Doet u dit niet op tijd, dan moet u belasting betalen over de waarde van uw lijfrente en moet u in veel gevallen revisierente betalen. Voor de waarde van deze lijfrente wordt wel rekening gehouden met uw niet-afgetrokken premies en stortingen. Kijk voor meer informatie bij 'Lijfrente-uitkeringen en afkoopsommen daarvan' onder 'Loon, pensioen, uitkeringen en afkoopsommen'.

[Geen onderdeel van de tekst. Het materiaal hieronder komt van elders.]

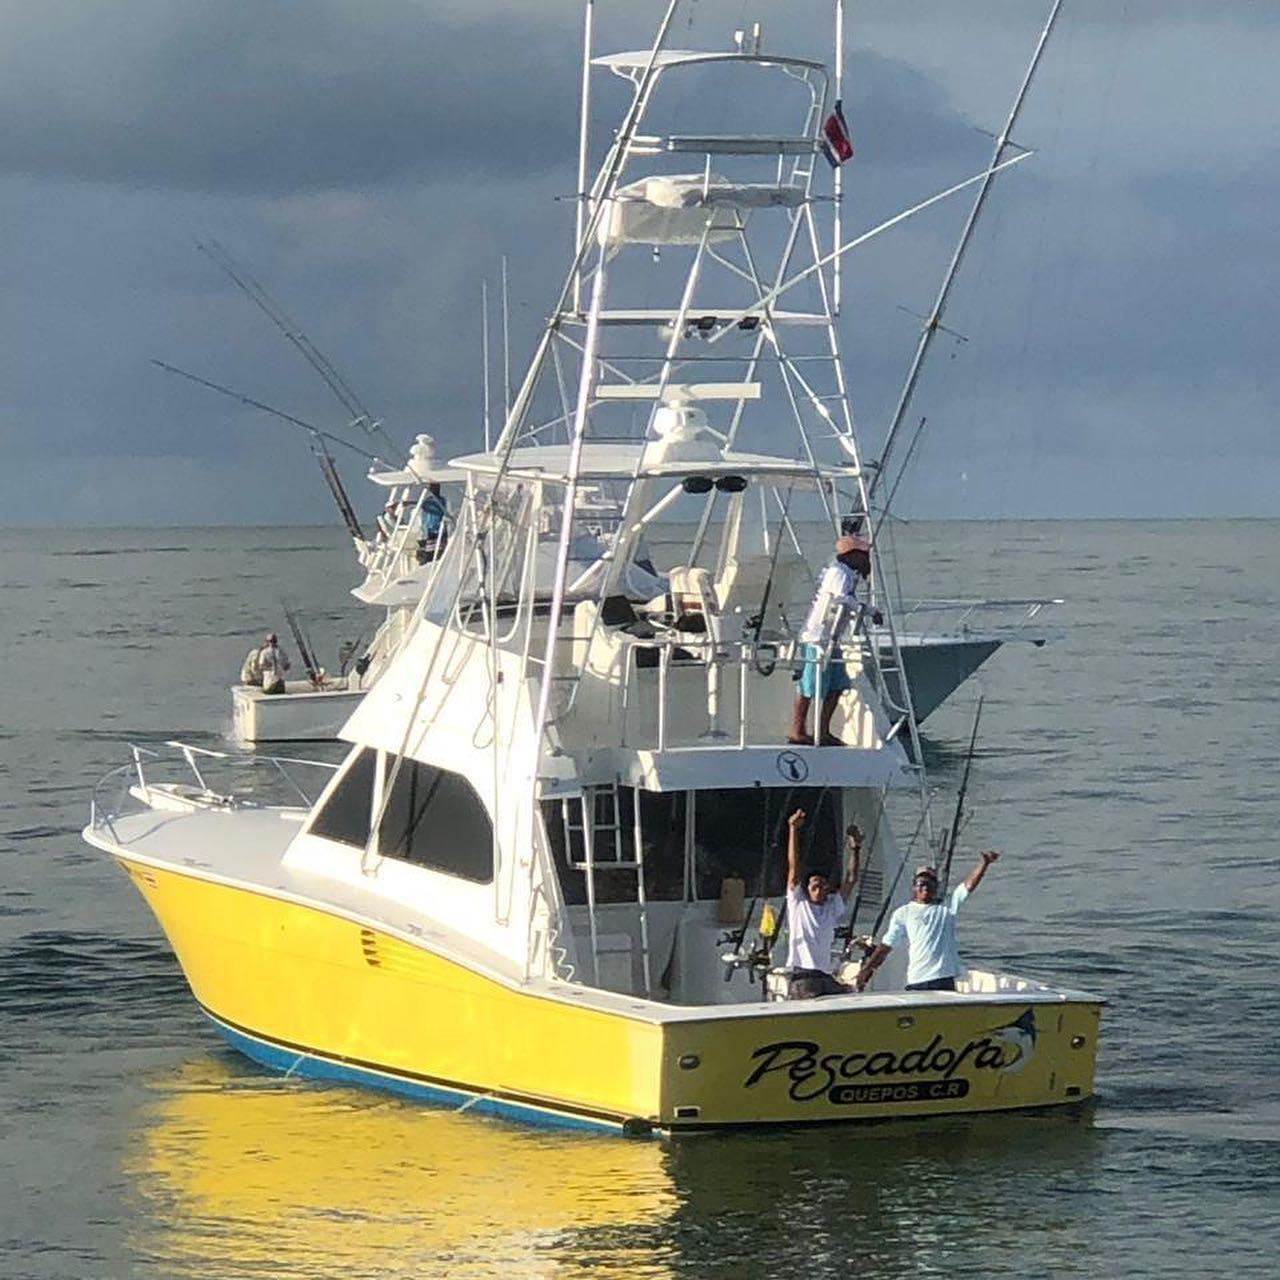 pescadora2

Termijn voor een nabestaandenlijfrente
Hebt u recht op uitkeringen uit een lijfrente voor nabestaanden? Dan is de termijn om de lijfrente in te laten gaan 2 volledige kalenderjaren. Was bijvoorbeeld het overlijden in 2019? Dan hebt u tot en met 31 december 2021 de tijd om de lijfrente-uitkeringen in te laten gaan.

Verlenging van de termijn bij bijzondere omstandigheden
U kunt bij ons een verzoek doen om de termijn te verlengen. De termijn kan verlengd worden als u door bijzondere omstandigheden de lijfrente niet op tijd hebt kunnen omzetten of de lijfrente-uitkeringen niet op tijd hebt kunnen laten ingaan.

Naar boven

15.3 Lijfrentepremies voor een meerderjarig invalide (klein)kind

Hebt u premies betaald voor een lijfrenteverzekering waarvan de uitkeringen toekomen aan uw meerderjarige invalide (klein)kind? Dan mag u deze volledig aftrekken als de uitkeringen aan de volgende voorwaarden voldoen:

  • De uitkeringen zijn bestemd voor het levensonderhoud van het (klein)kind overeenkomstig zijn plaats in de samenleving. De plaats in de samenleving wordt onder meer bepaald door de eigen inkomsten en woonsituatie van het (klein)kind.

  • De uitkeringen eindigen alleen bij het overlijden van het (klein)kind.

De premies kunt u ook betalen voor een (klein)kind dat op het tijdstip van de premiebetaling (nog) niet invalide is, maar, gelet op de medische prognose, wel invalide zal zijn op de datum waarop de uitkeringen ingaan.

Naar boven

15.4 Premies voor arbeidsongeschiktheidsverzekeringen

Betaalt u premies voor particuliere arbeidsongeschiktheidsverzekeringen die u recht geven op periodieke uitkeringen bij invaliditeit, ziekte of ongeval? Dan mag u deze volledig aftrekken. Het gaat bijvoorbeeld om verzekeringen voor het opvullen van het WIA-gat (Wet werk en Inkomen naar Arbeidsvermogen).

Het gaat niet om:

  • premies waarmee uw werkgever rekening houdt bij het inhouden van de loonheffing

  • premies voor de verplichte verzekeringen Ziektewet en WIA

  • premies voor verzekeringen die een bedrag ineens uitkeren, zoals kapitaalverzekeringen

  • premies voor de Zorgverzekeringswet

Naar boven

15.5 Teruggekregen bedragen voor een lijfrente of arbeidsongeschiktheidsverzekering

Krijgt u bedragen terug voor een inkomensvoorziening die u in een eerder jaar hebt afgetrokken? Dan moet u deze aftrek herstellen in uw aangifte van het jaar waarin u de bedragen terugkrijgt. De teruggekregen bedragen zien wij als 'negatieve uitgaven voor inkomensvoorzieningen'. U vult ze in bij ‘teruggekregen bedragen die u eerder hebt afgetrokken’. Over teruggekregen bedragen betaalt u geen revisierente.

Voor een lijfrente is er alleen sprake van teruggekregen bedragen als u de lijfrente binnen 30 dagen na het sluiten van de overeenkomst ongedaan hebt gemaakt. Na het verstrijken van die termijn behandelen wij de teruggekregen bedragen als afkoop van een lijfrente.